38 entry daha
  • masal gibi bir sehir gercekten.

    ilk gittigimde londra'da gecirdigim onca gune pisman olup keske daha onceden gelseymisim dedim. sehir oyle bir guzel kokuyordu ilk ayakbastigim sabah saatlerinde, sanki kocaman bir firinda birbirinden guzel kekler pastalar yapiliyordu. sonradan scotch whiskey heritage center'da lowlands'te uretilen viskilerin kokusunu aldigimda sehir acaba viski mi kokuyor diye gecirdim icimden.cunku ayni cikolatali kurabiye kokusu hakimdi..

    insanlari da kokusu gibi ayri guzeldi sehrin. sabahin korunde nereye gidicez simdi diye haritadan bulmaya calisirken daha yardim bile istemeden insanlar teklifsiz yardimci olmaya calisti. kalacagimiz otelin sahibi sabahin korunde ucret almadan kahvalti ikram etti ve normal check-in saatinden saatler once odamiza girmemize izin verdi. geceleri yorgun odamiza donerken viskilerine ortak olmamiz icin 'olumu gor, allah adi verdim' gibisinden israrlarla bizi bara buyur etti. kiz arkadasimla birlikte iki gecelik konaklamamiz boyunca iskoc misafirperverliginin guzel orneklerinden birine tanik olduk..(hotel ceilidh-donia)

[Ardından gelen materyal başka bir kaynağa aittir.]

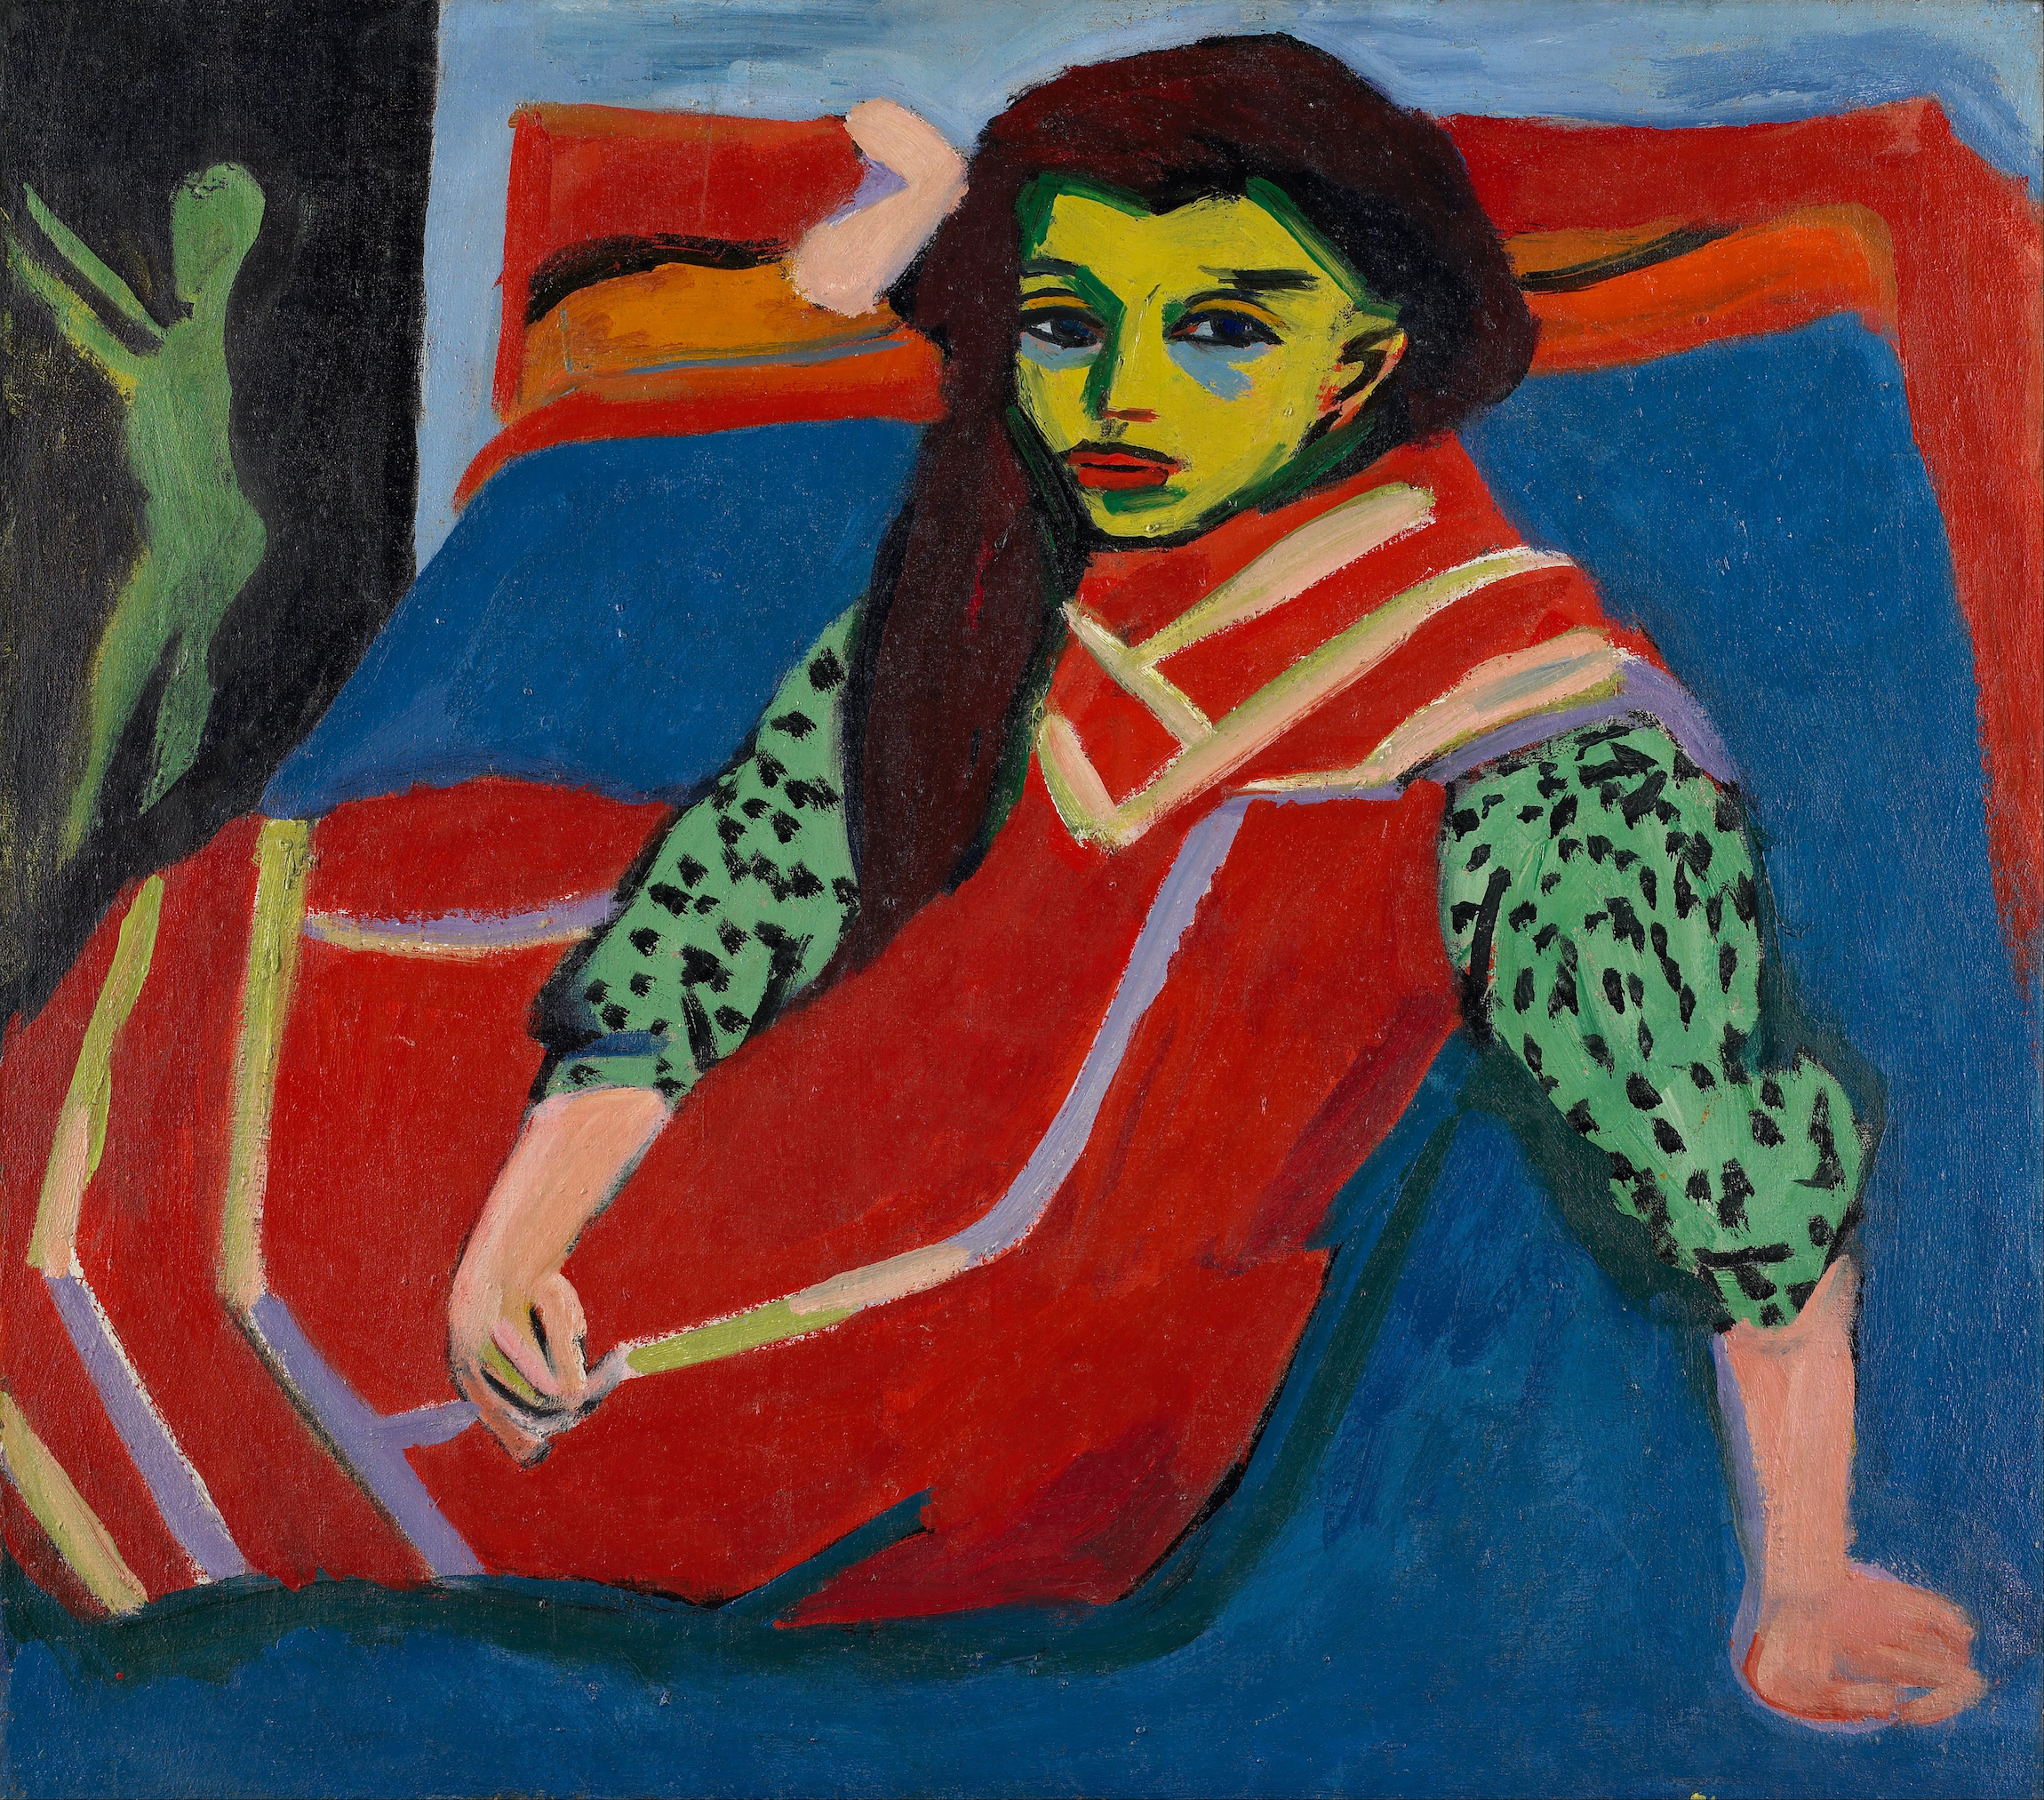 Seated Girl (Fränzi Fehrmann) by Ernst Ludwig Kirchner - 1910 - 75.5 x 99.5 cm Minneapolis Institute of Art

    sonra tirmandigimiz arthur's seat'ten, calton hill'den hayatimizda gordugumuz en guzel manzaralardan birini kazidik bellegimize. etraftaki sokak muzisyenlerinin caldigi gayda sesleri, icinde bulundugumuz fantastik filmin soundtrackleriymis gibi geldi kulagimiza. erkeklerin etek giymesine alistik. giydikleri eteklerin desenlerinin bile sadece kendi klanlarina ozgu oldugunu, iskoclarin dost ve dusman klan mensuplarini bu farkli ekoseler sayesinde tanidigini ogrendik, sasirdik. birazcik da sansli oldugumuz icin tum klanlarin katildigi royal mile'daki gecis torenini izleme sansi bulduk, yuzyillardir suren bir gelenegin gorkemine sahit olduk. whiskey heritage center'da viskinin tarihine bir yolculuk yaptik, o leziz iskoc viskilerinin nasil uretildigini bastan sona gozlemledik ve tatma firsati bulduk. dunyanin turist cekme amaciyla kurulan en eski eglence merkezini, camera obscura'yi gezdik, gormenin inanmaya yetmeyecegini anladik. sokaklarda, caddelerde gordugumuz yuzlerce unlu mucit heykelinden iskoclarin gundelik hayatimizda yaptiklari buluslarla nasil da buyuk bir yer kapladiklarini hayretle ogrendik. o devasa gotik binalarin, anitlarin yaninda kucucuk kaldik, etkilendik.. 2 gun boyunca ayaklarimiz patlayana kadar gezdik, kilometrelerce yuruduk ama gorulmedik tek bir sokagin varligi bile huzursuz etti, az gezdik diye pisman olduk.. isterdik ki agustos'ta baslayan festivallerine de kalalim, o guzel sehir nasil da karnaval alanina donusuyor gorelim ama vaktimiz yetmedi. gordugumuz her iskoc yine gelin dedi, ilk firsatta yine gidecegiz sanirim.